*** Opening of PROVIDED DATA ***

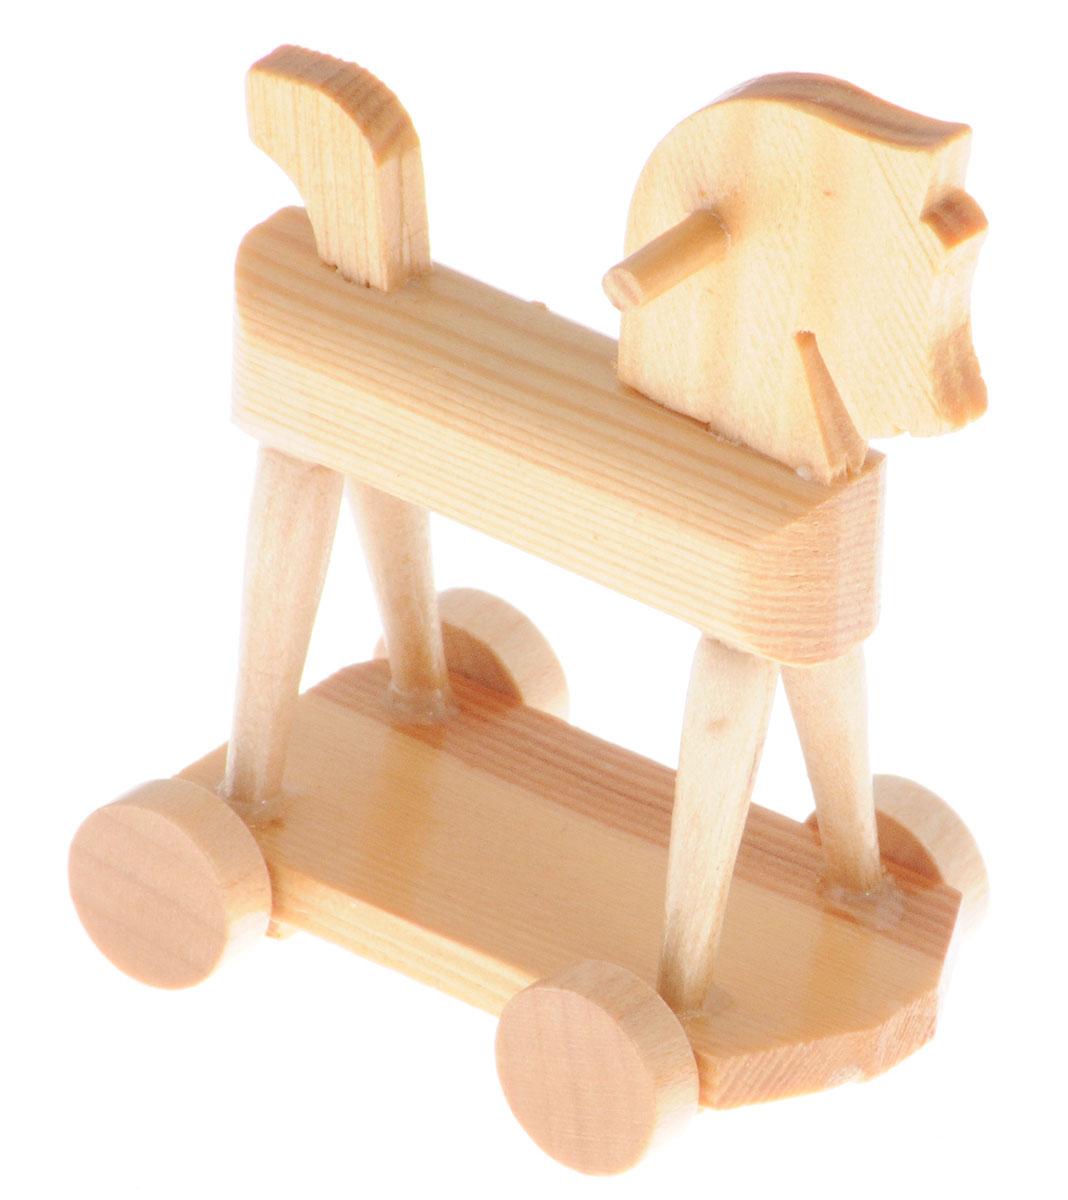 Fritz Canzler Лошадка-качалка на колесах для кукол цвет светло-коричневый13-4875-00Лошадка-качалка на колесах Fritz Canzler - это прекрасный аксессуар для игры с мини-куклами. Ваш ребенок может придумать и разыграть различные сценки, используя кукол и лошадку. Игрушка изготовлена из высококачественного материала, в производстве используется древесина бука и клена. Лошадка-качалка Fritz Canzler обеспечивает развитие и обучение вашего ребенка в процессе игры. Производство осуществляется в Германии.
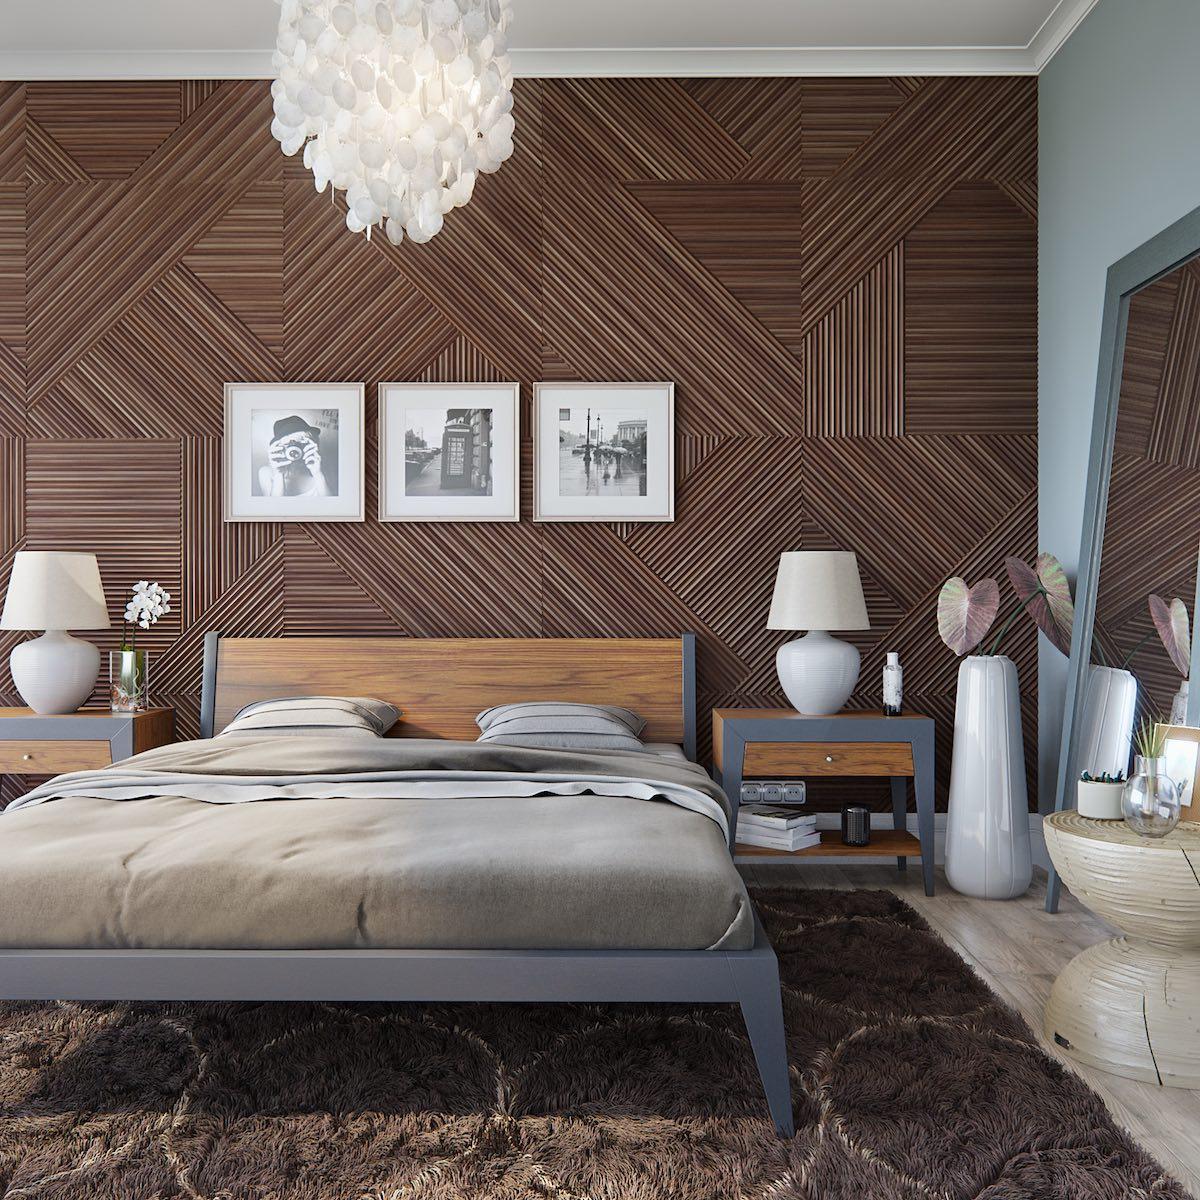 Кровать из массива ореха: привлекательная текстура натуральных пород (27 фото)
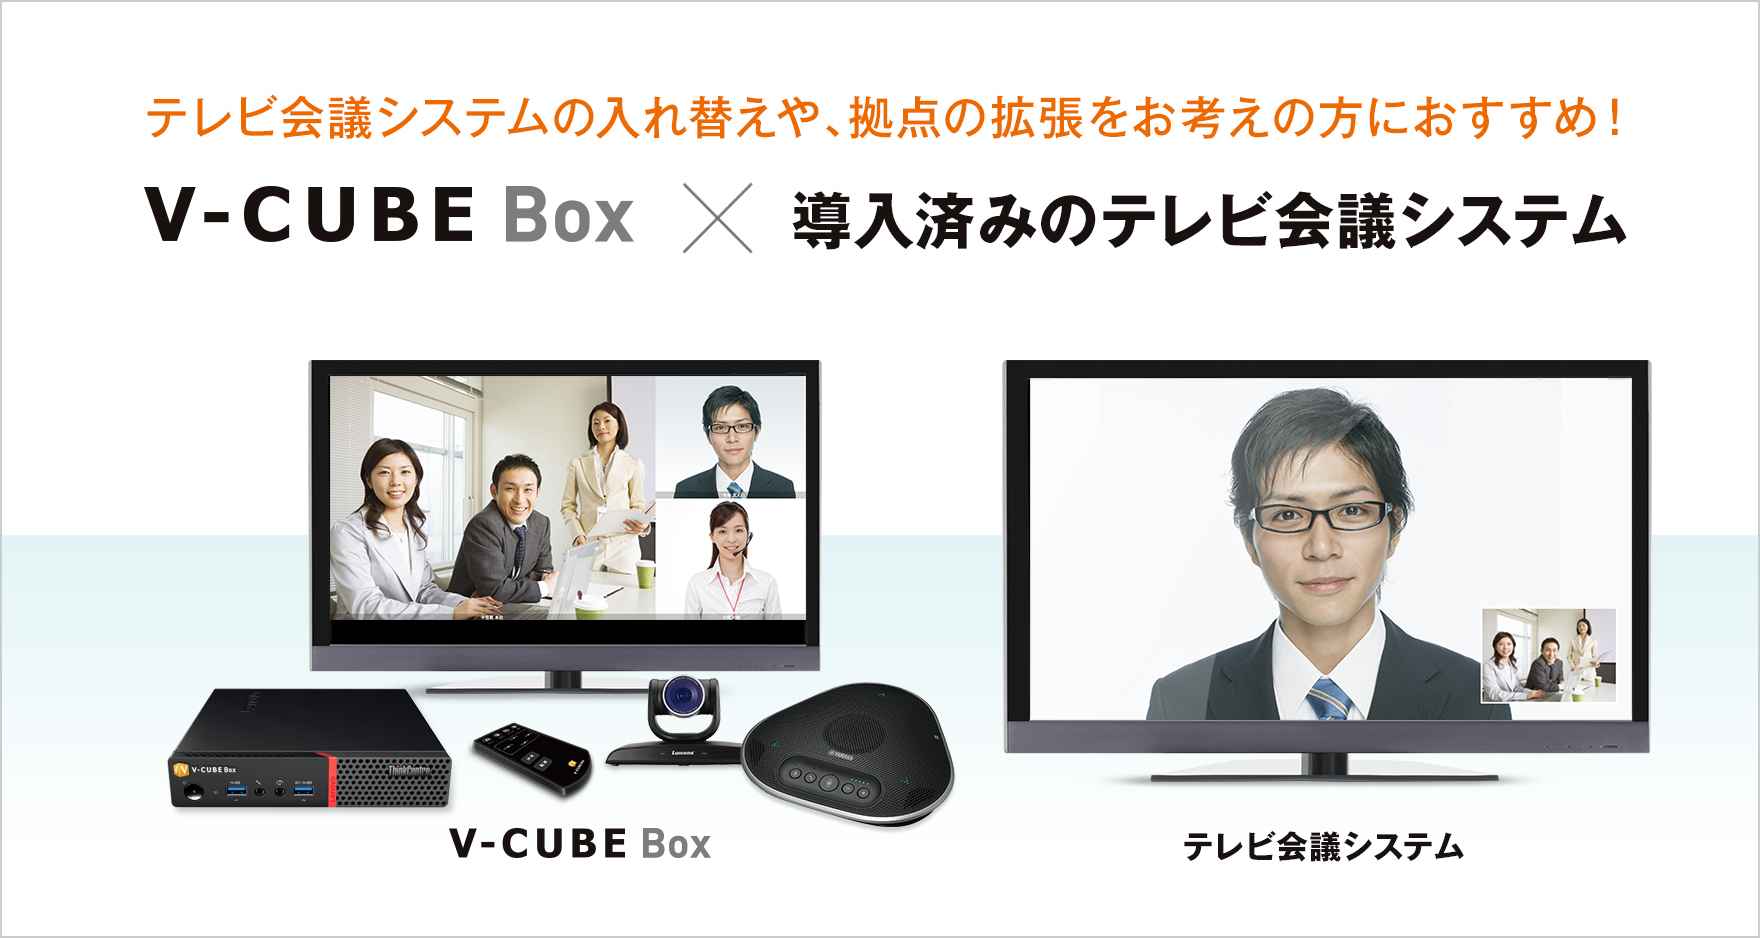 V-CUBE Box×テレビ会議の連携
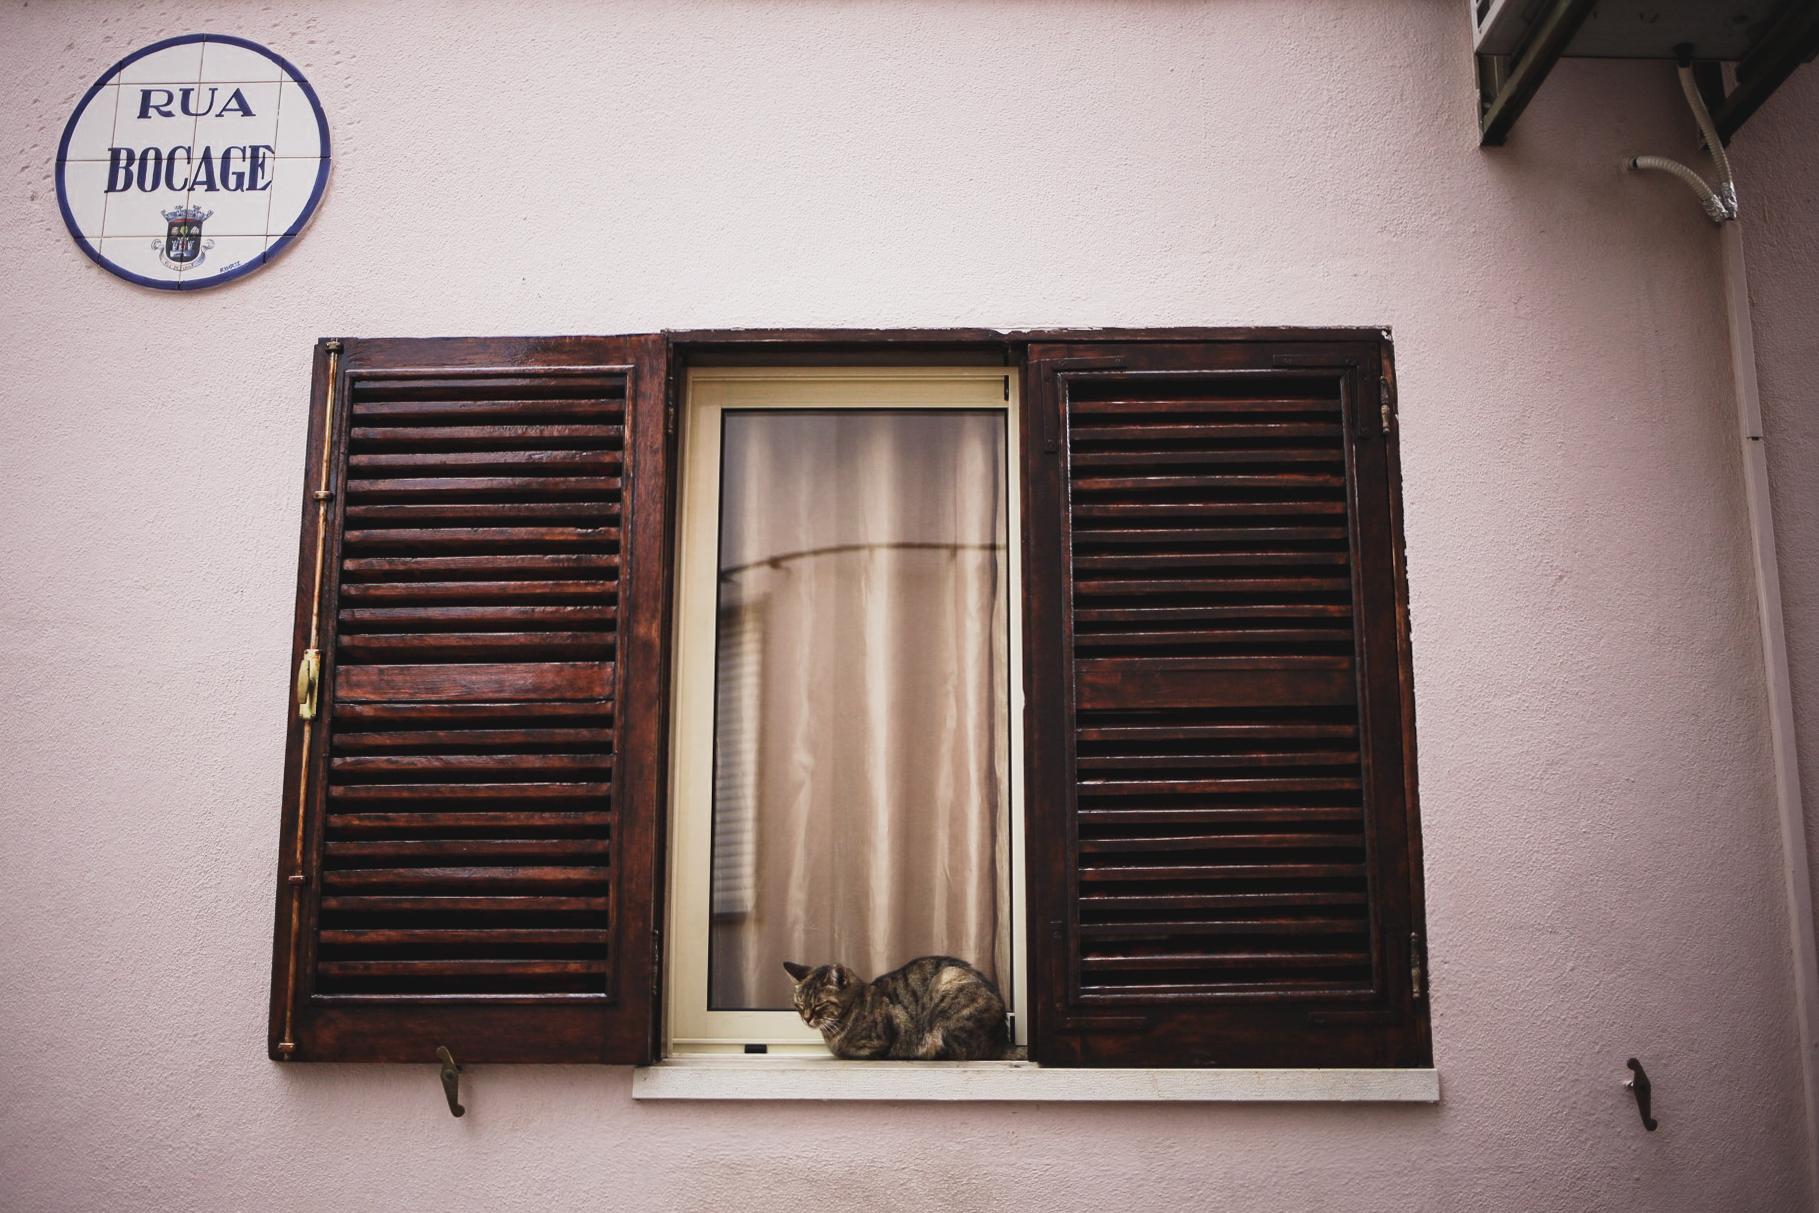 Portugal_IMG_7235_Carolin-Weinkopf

*** Close of PROVIDED DATA ***

Your answer should be the lines from the line containing "V-CUBE Box×テレビ会議の連携" through the end of the listing above, output exactly and alone, without the pictures.

 V-CUBE Box×テレビ会議の連携
 Portugal_IMG_7235_Carolin-Weinkopf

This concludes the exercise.